The French Court of Cassation, in its 2025 “UBER” ruling, upholds the application of the service contract and rejects reclassifying the relationship between a driver and the delivery platform as an “employment contract” – meaning the driver cannot claim the various protections and compensations applicable under French labor law.
The Court of Cassation considers that the platform’s new practices and the legislative changes implemented by the platform itself have ensured the drivers’ independence, in contrast to the situation judged in 2020.
Summary of the Facts and Procedure
A driver working for the company UBER (delivery platform) brings the case before the Fr. Labour Court (“Conseil des Prud’hommes”) to request that his business relationship be reconsidered an employment contract.
In his recourse, the driver invokes the judicial definition of the legal subordination relationship, which is characterized by performing work under the authority of an employer, who has a three-fold power to (i) give orders, (ii) control the execution of the work, and (iii) sanction any failures or misconduct of the subordinate. The driver refers to the classic decision of the French Court of Cassation (Cass. Soc., 1996, No. 94-13187, Bull. « Société générale“) to support his argument.
To demonstrate the existence of this hierarchical link, he largely relies on the same arguments used in a previous “UBER” ruling (Soc. 2020, 19-13.316), hoping for a similar outcome, namely the recharacterization of his service provision as an employment contract.
The Inapplicability of the Previous Case Law
In the 2020 “UBER” ruling, the Court of Cassation validated the recharacterization of the contractual relationship between a driver and the delivery platform as an employment contract. The Court considered that the existence of a legal subordination link between the two parties was established, as the worker’s independence was not proven due to the extensive control and sanctions imposed by the company on the driver.
However, in the meantime, the platform has changed its practices in line with legislative changes.
The Platform’s Adaptation to Legal Developments
In this new 2025 ruling, the Court of Cassation confirms the appellate decision (on the technical side, to be noted the light control on the lower court’s reasoning, as per French judicial practice) in rejecting the driver’s appeal. The Court therefore upheld the validity of the service provision between the driver and the delivery platform.
While this decision might suggest that the Court has shifted its position on the matter, this is not the case: it is, in fact, a direct consequence of two main factors: first, the delivery platform changed its practices, and second, the platform complied with legal changes.
Indeed, through an ordinance dated 06 April 2022, the Fr. legislator created Articles L. 1326-2 and L. 1326-4 of the Fr.
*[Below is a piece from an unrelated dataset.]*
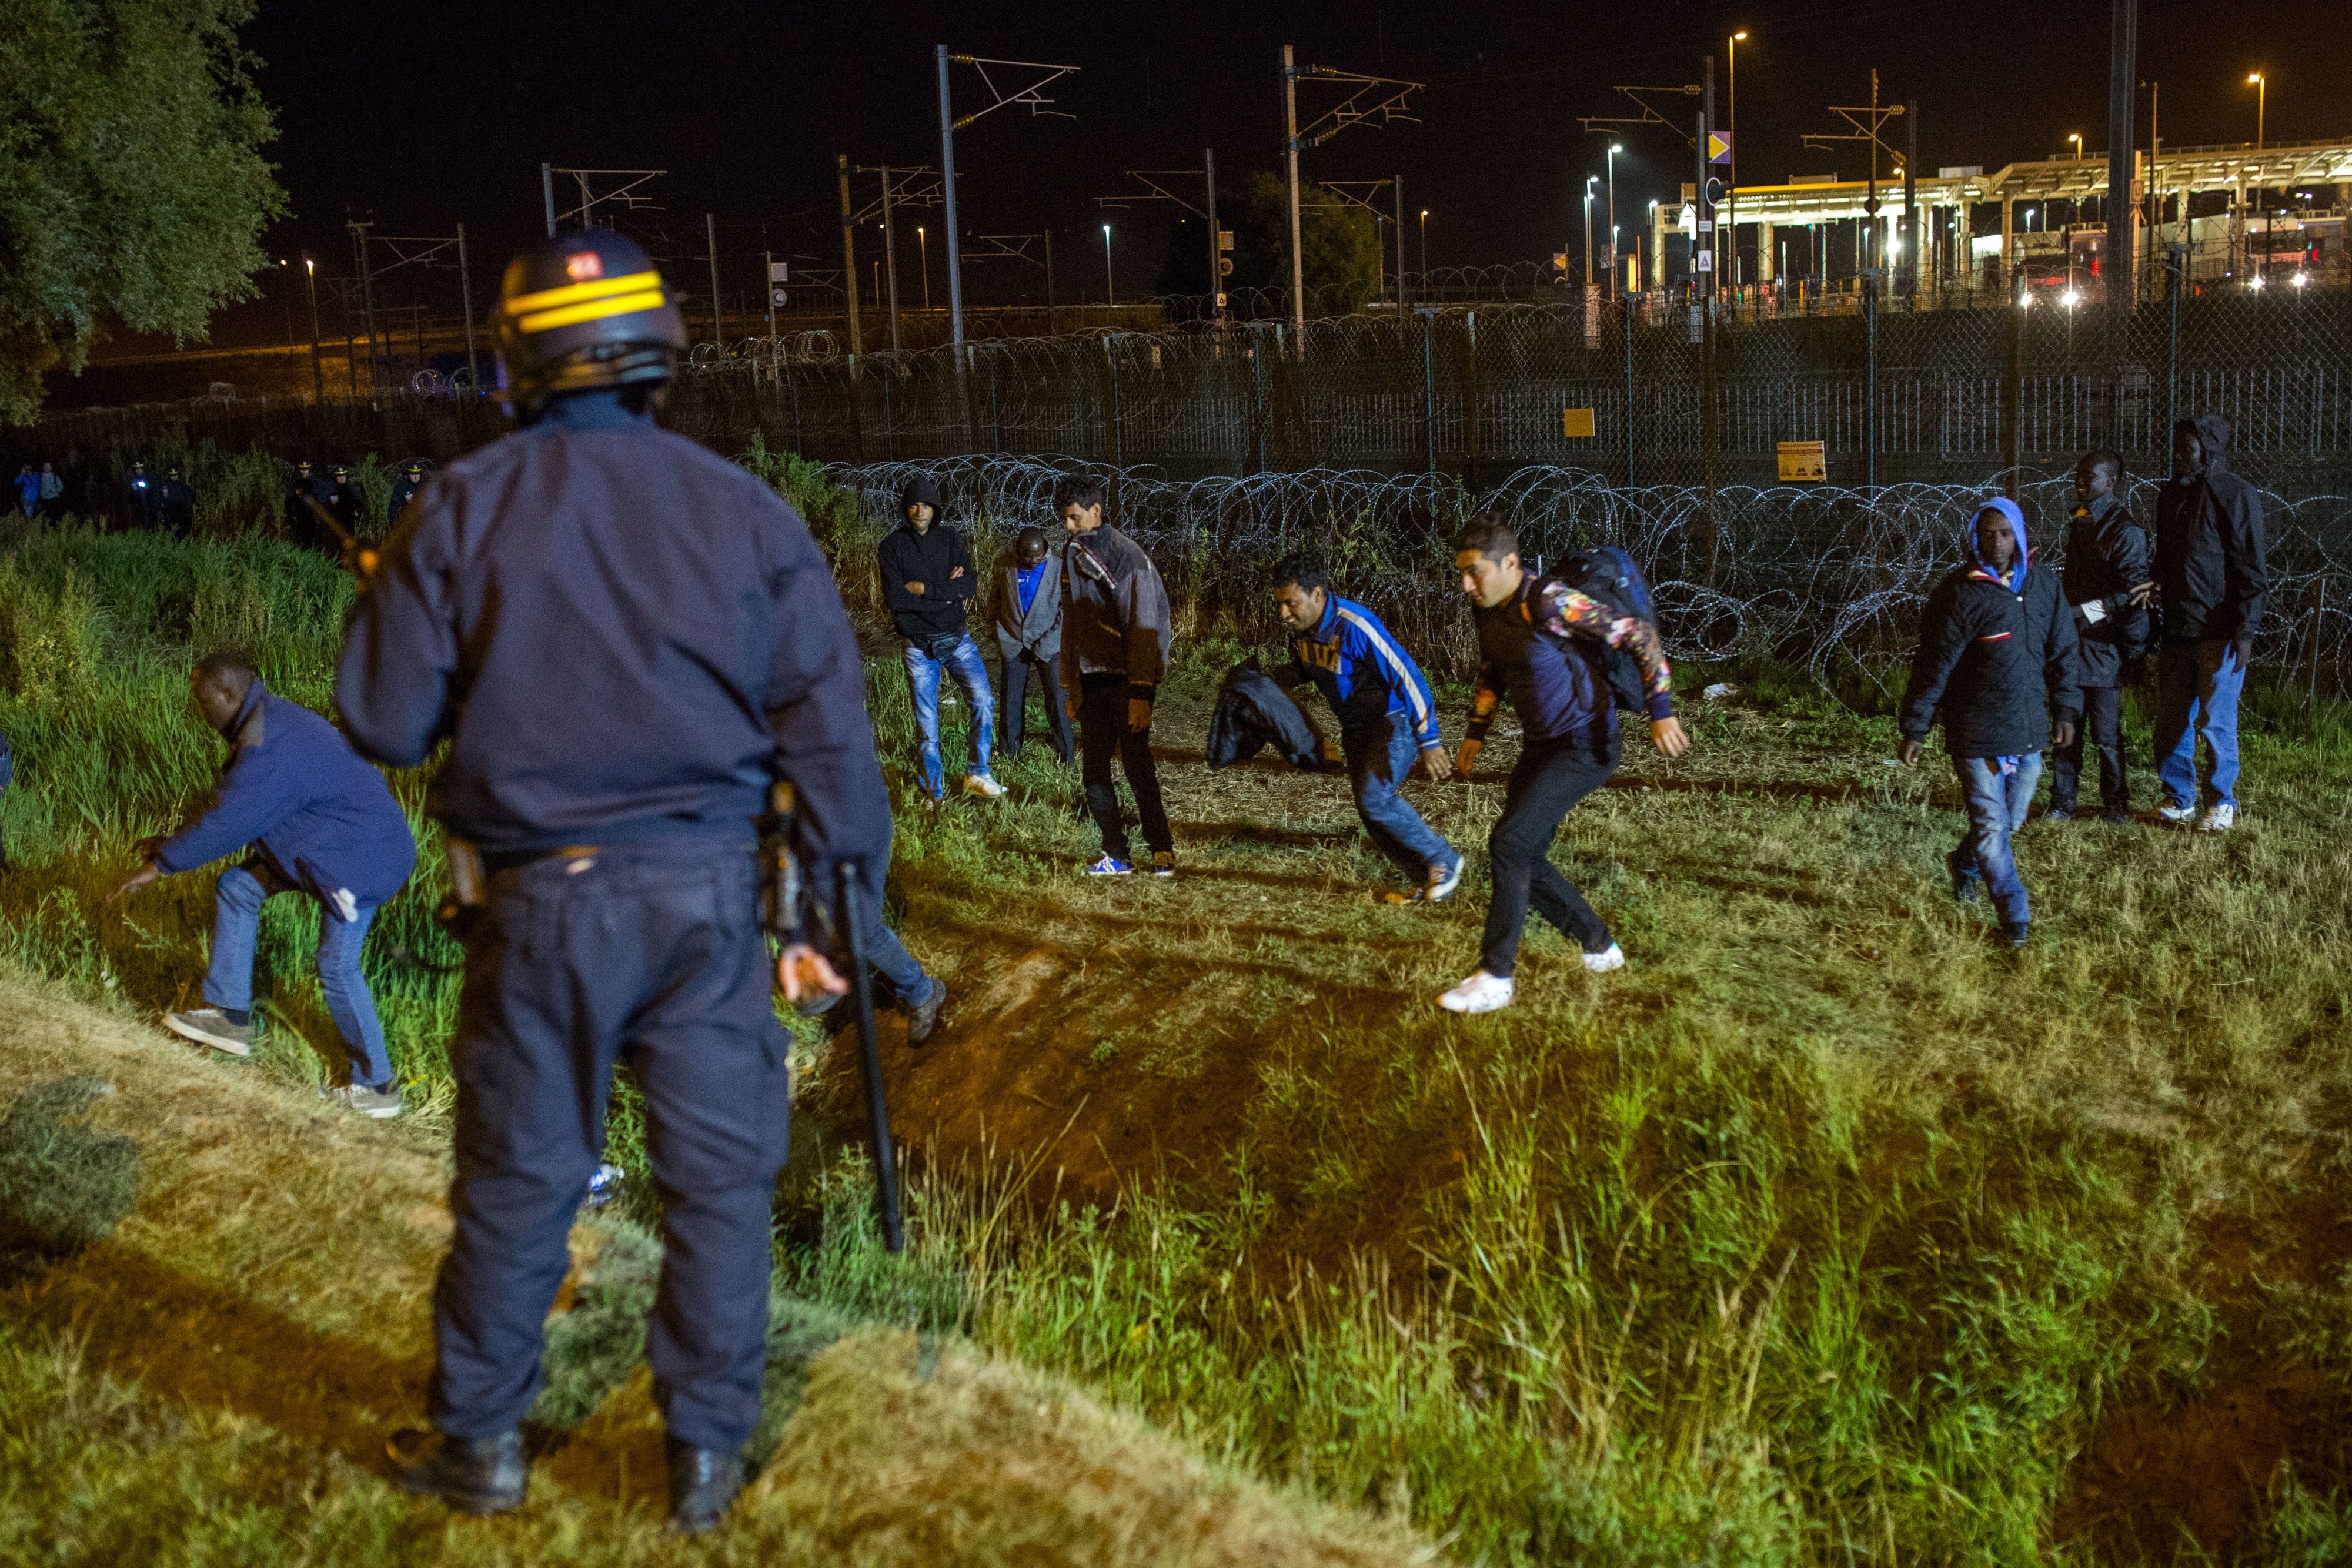 A policeman watches men move away from a security fence beside train tracks (Rob Stothard/Getty Images)

Transport Code. These provisions establish a series of requirements that delivery platforms must meet to avoid undermining the independence of their partners and also implement a specific legal framework (at times, almost hybrid, which is a topic in itself).
The Absence of a hierarchical link and the Insufficiency of mere price determination to characterize hierarchical subordination
The Court of Cassation and the Court of Appeal notably highlight the following reasons for refusing to characterize the relationship as an employment contract:
- The absence of a non-compete or exclusivity clause binding the driver, such absence allowing him to work independently or via other platforms.
- The platform does not supervise or direct the driver during the ride.
- The integration of a “preferred driver” category, which enables the worker to build their own customer base.
- The ability for the driver to freely reject rides at his discretion without being banned from the platform (in accordance with Article L. 1326-2 of the Transport Code), and without the requirement to be permanently connected to the platform.
- The complete independence in performing the service and choosing the route.
- The minimal intervention by the platform in setting fares (in compliance with Articles L. 7341-1 and following of the Fr. Labour Code). The establishment of a maximum fare not being sufficient, on its own, to demonstrate the existence of a hierarchical subordination link.
An essential distinction between two legal frameworks of equal social necessity
This decision is timely as it implements the distinction between service provision and employment contracts.
In a context where this boundary is often blurred and raises various questions, it helps confirm the use of service contracts in the field of online platforms and even beyond.
It should be noted that this issue will continue to arise as professional practices evolve, and it is not desirable to allow, as such, a combination of both the freedom of an entrepreneur and the protection of an employee. Instead, there must be a clear separation between the two concepts.
Indeed, service provision (which is more flexible and independent) and the employment contract (with its stricter framework) correspond to fundamentally different logics and legal frameworks, but also, and perhaps more importantly, to specific social and economic needs that must be taken into account.
Upcoming Impact of EU Directive No. 2024/2831 of 2024 on the partners of Digital Platforms
In the context of numerous legislative developments, particularly the ever-growing body of EU texts that continuously reshape the legal framework, attention should be drawn to the separate topic of EU Directive No. 2024/2831 of 2024, which establishes a presumption of employment based on two criteria: namely, “direction” and “control” exerted by the platform over the partner.
This directive must be transposed into national law by December 2, 2026, and French law will need to align with the framework set out by the directive.